**Task requirements**.
Strip the pictures and reproduce the rest of the listing exactly.

**Supplied information**.
--- START ---

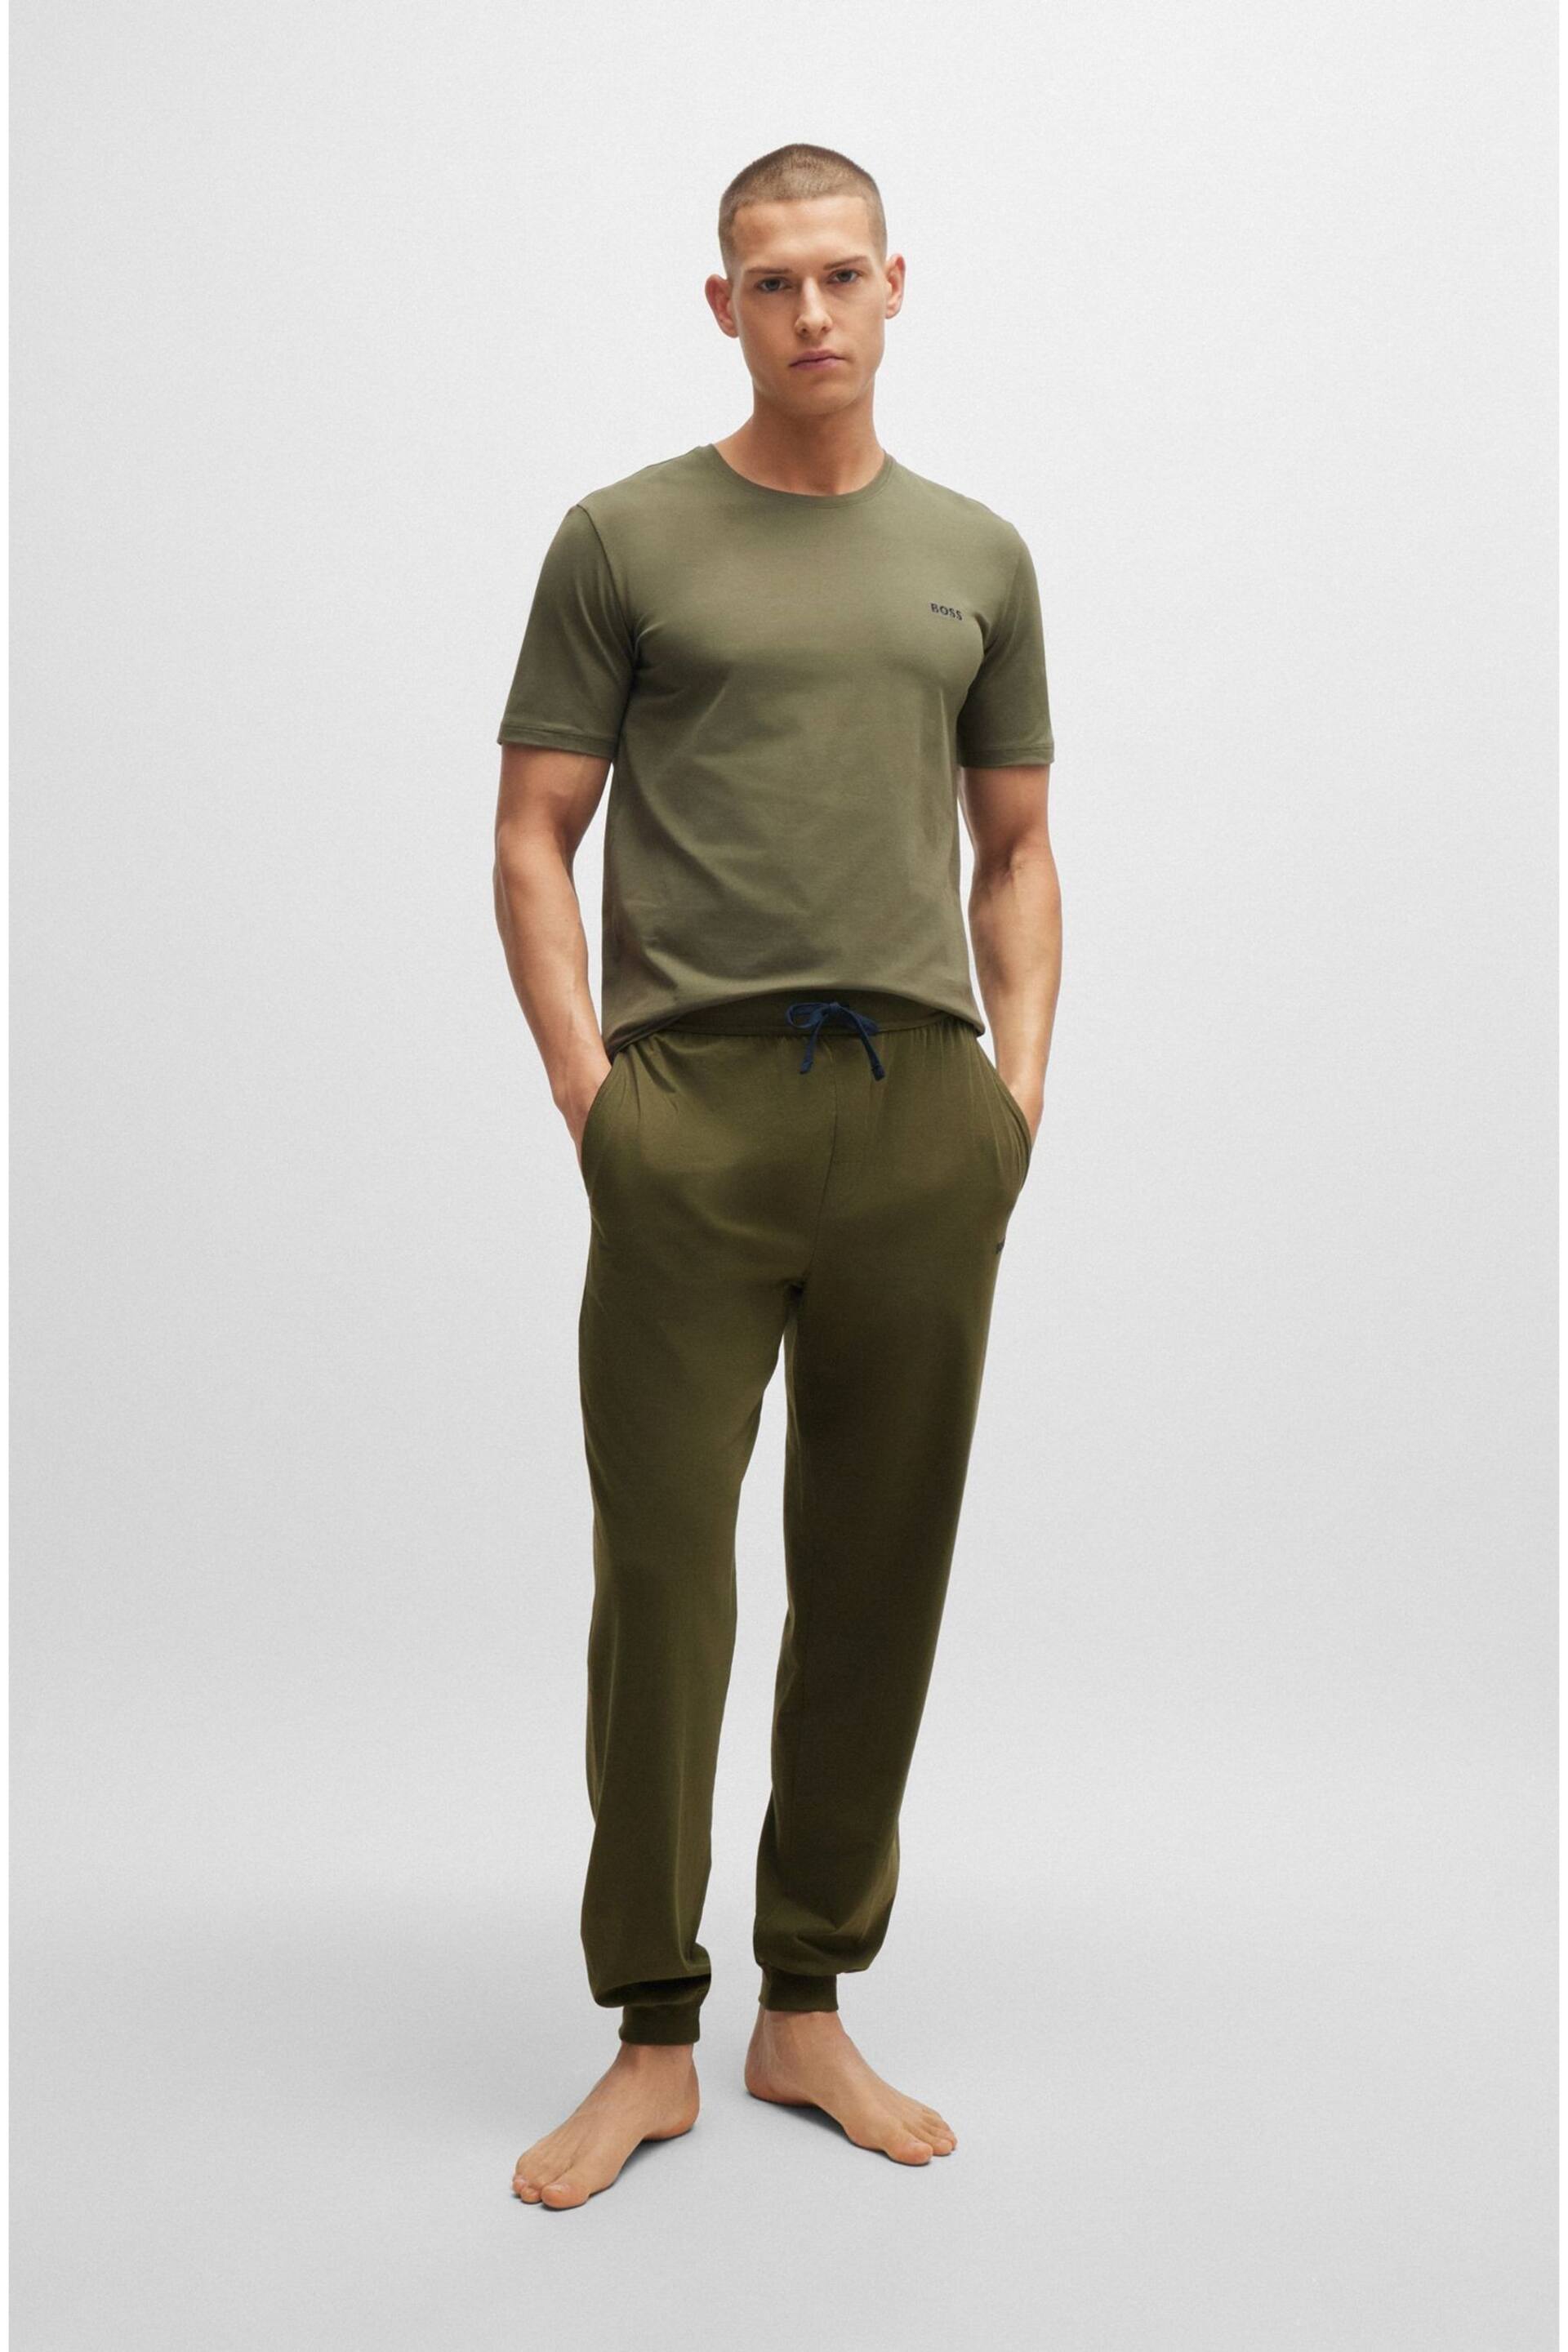 BOSS Green Embroidered Logo Stretch Cotton Joggers - Image 3 of 5
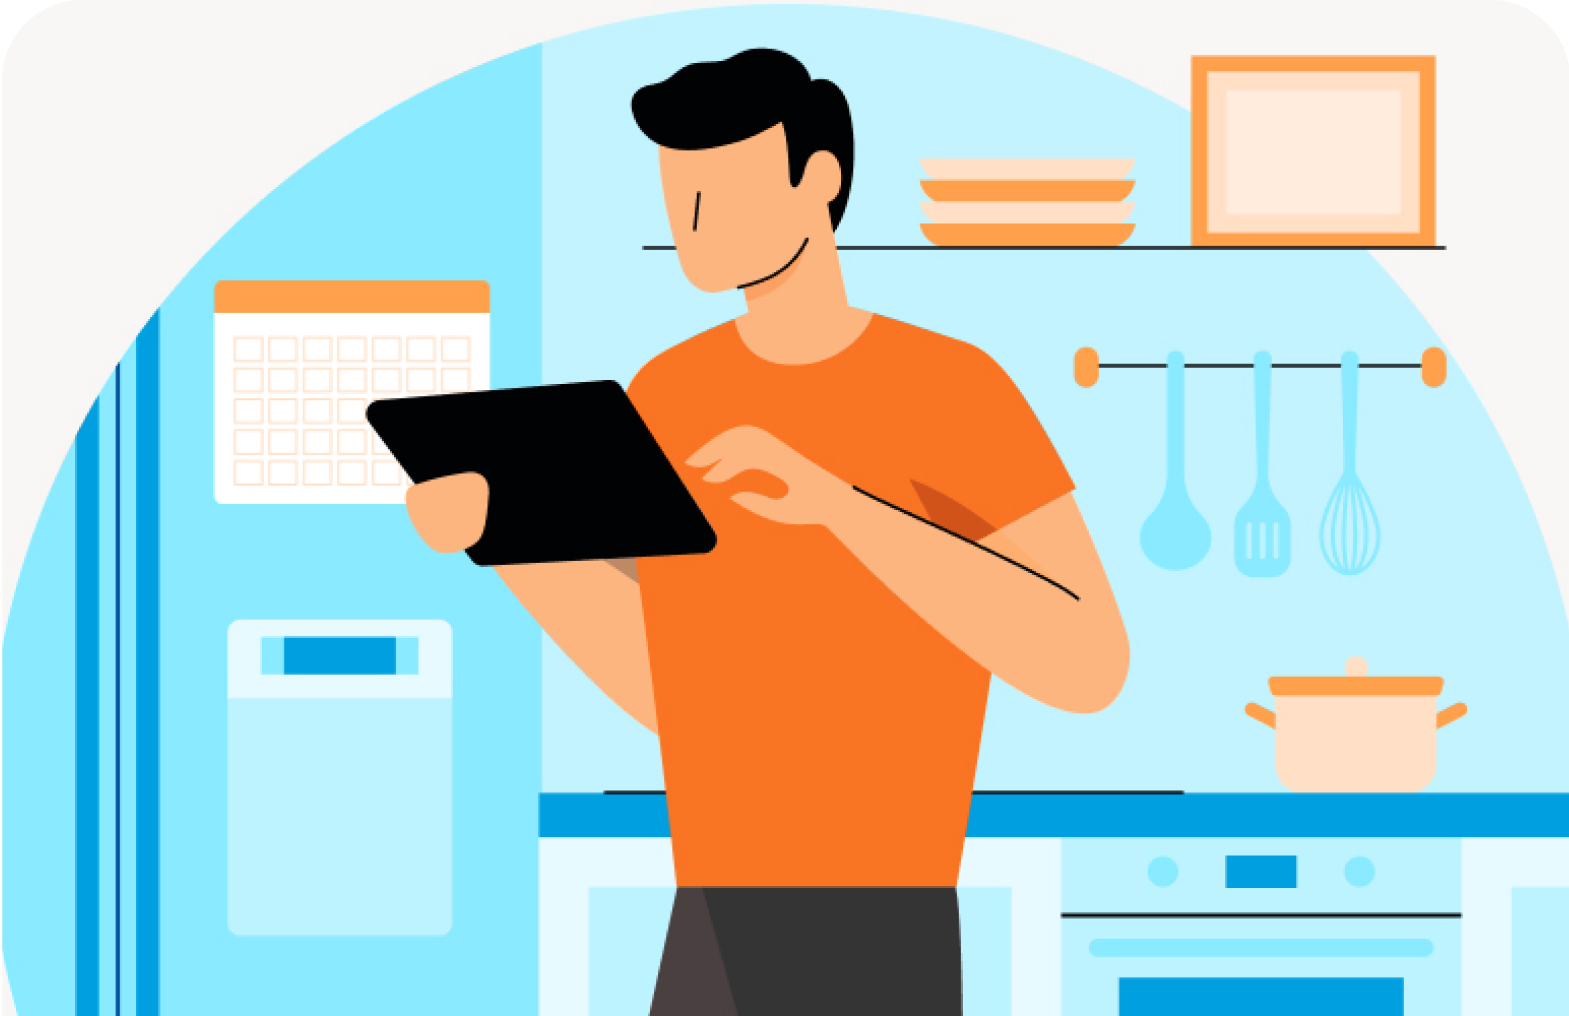 Illustrated image of a man standing in a kitchen using a tablet device
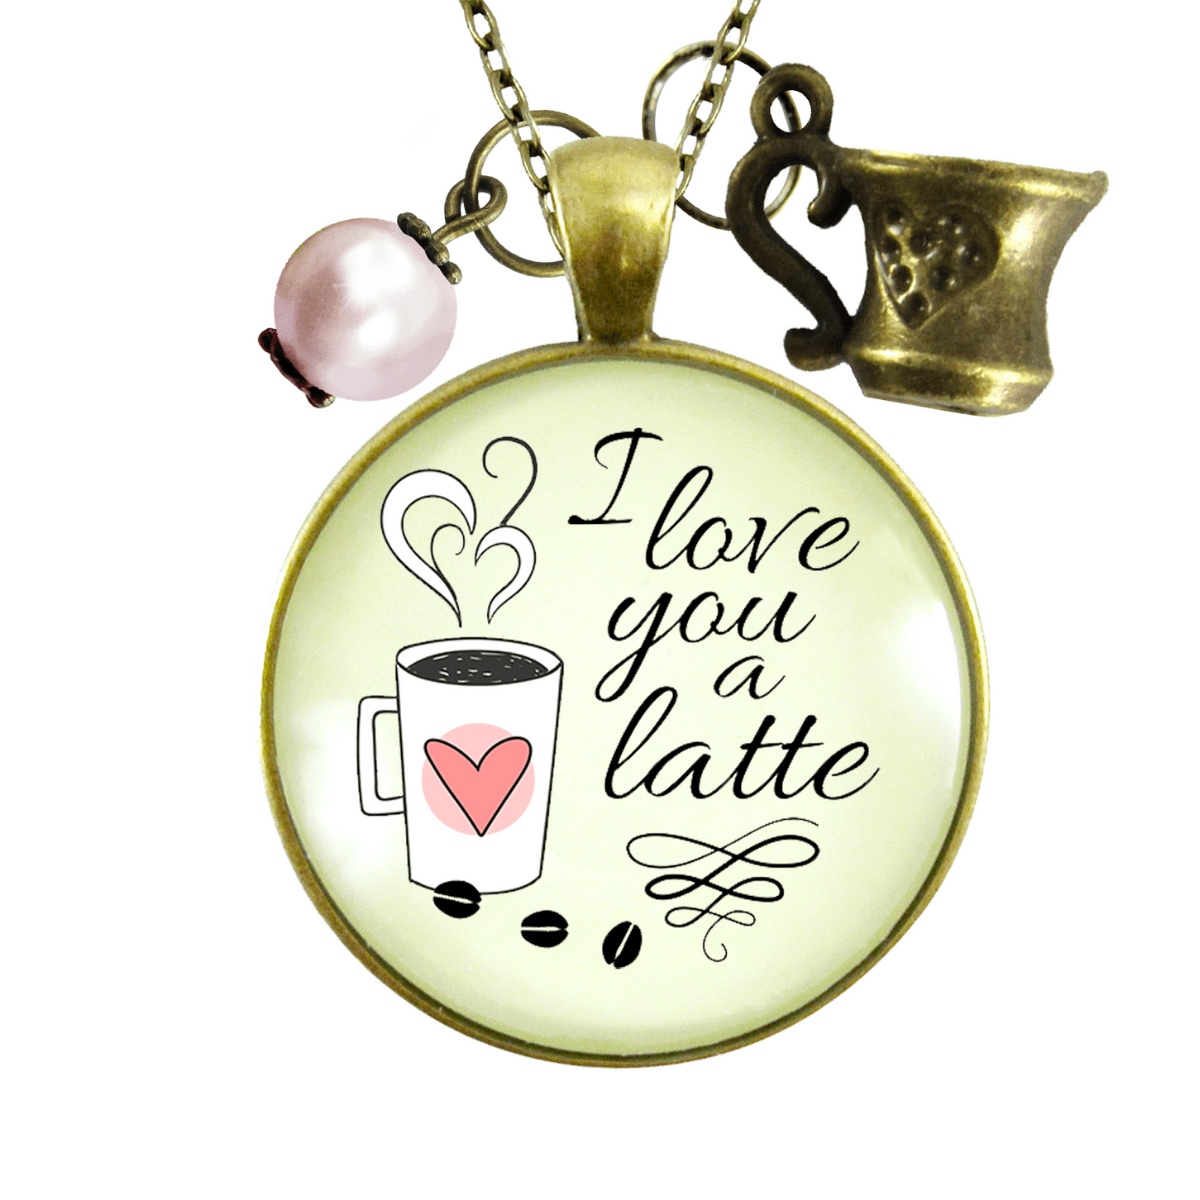 Gutsy Goodness Coffee Necklace Love You Latte Romantic Quote Caffeine Jewelry Gift - Gutsy Goodness;Coffee Necklace Love You Latte Romantic Quote Caffeine Jewelry Gift - Gutsy Goodness Handmade Jewelry Gifts
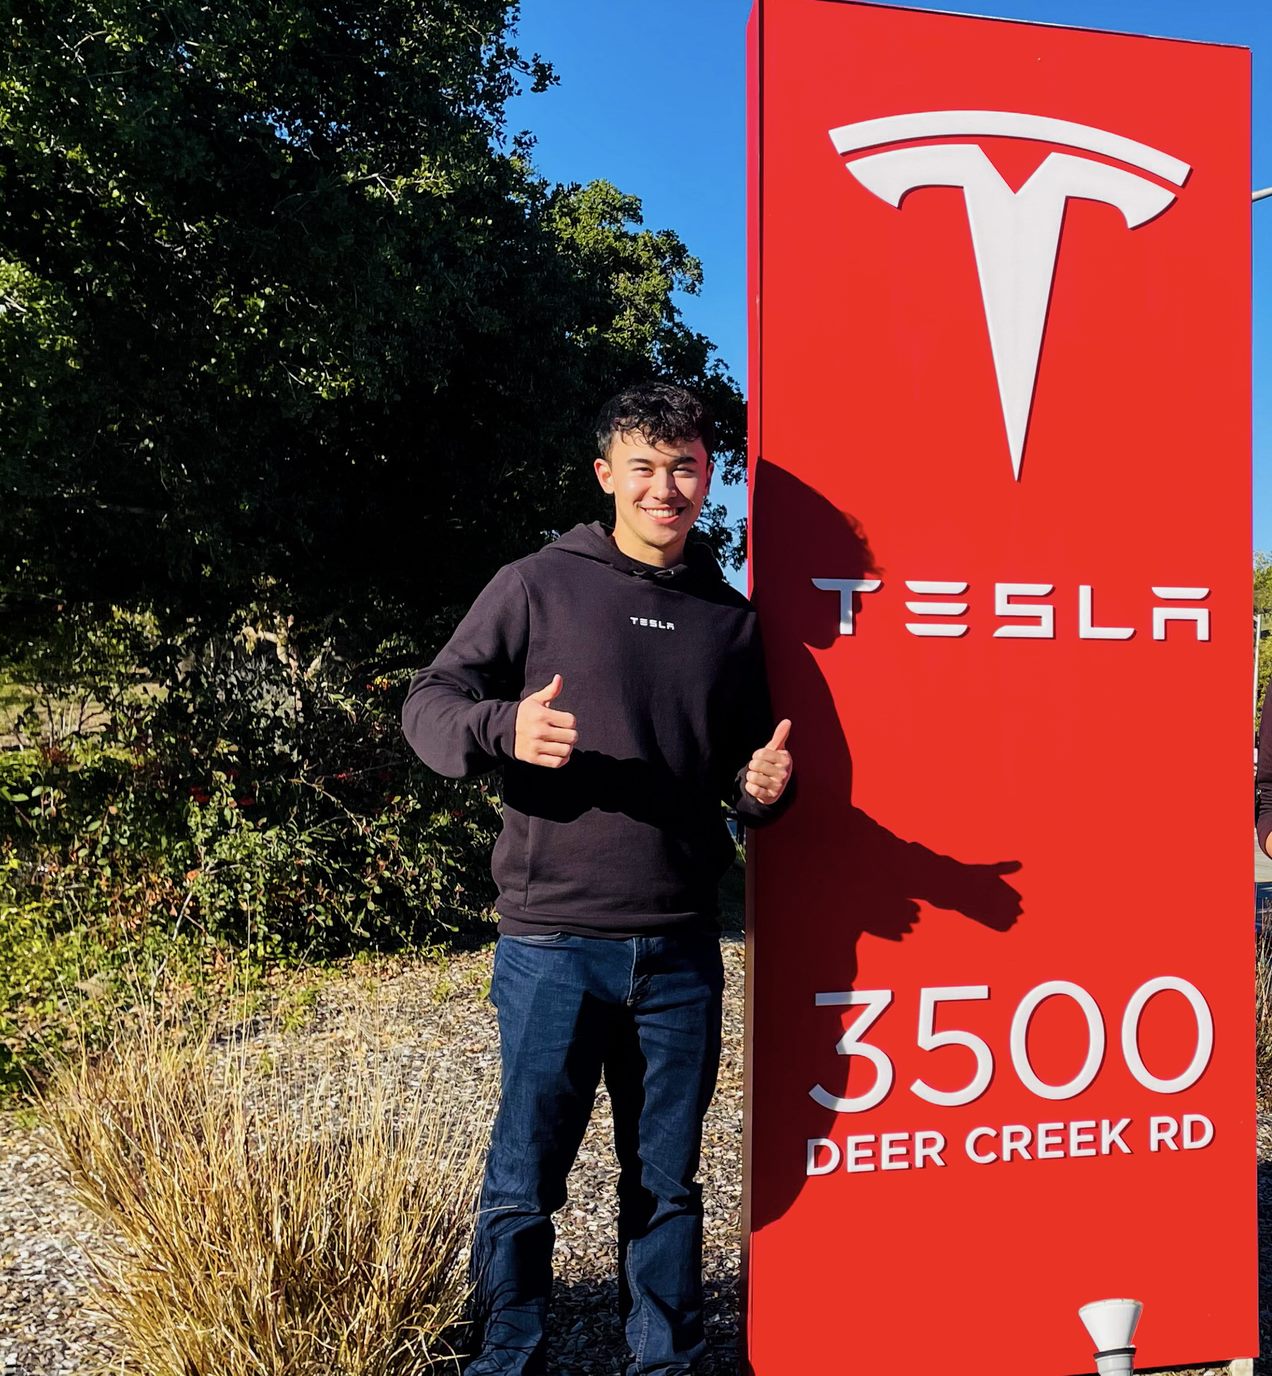 A photo of Brandon smiling and giving two thumbs up beside a Tesla sign.

--- END ---

**Written solution**.
 BOSS Green Embroidered Logo Stretch Cotton Joggers - Image 3 of 5
 Illustrated image of a man standing in a kitchen using a tablet device
 Gutsy Goodness Coffee Necklace Love You Latte Romantic Quote Caffeine Jewelry Gift - Gutsy Goodness;Coffee Necklace Love You Latte Romantic Quote Caffeine Jewelry Gift - Gutsy Goodness Handmade Jewelry Gifts
 A photo of Brandon smiling and giving two thumbs up beside a Tesla sign.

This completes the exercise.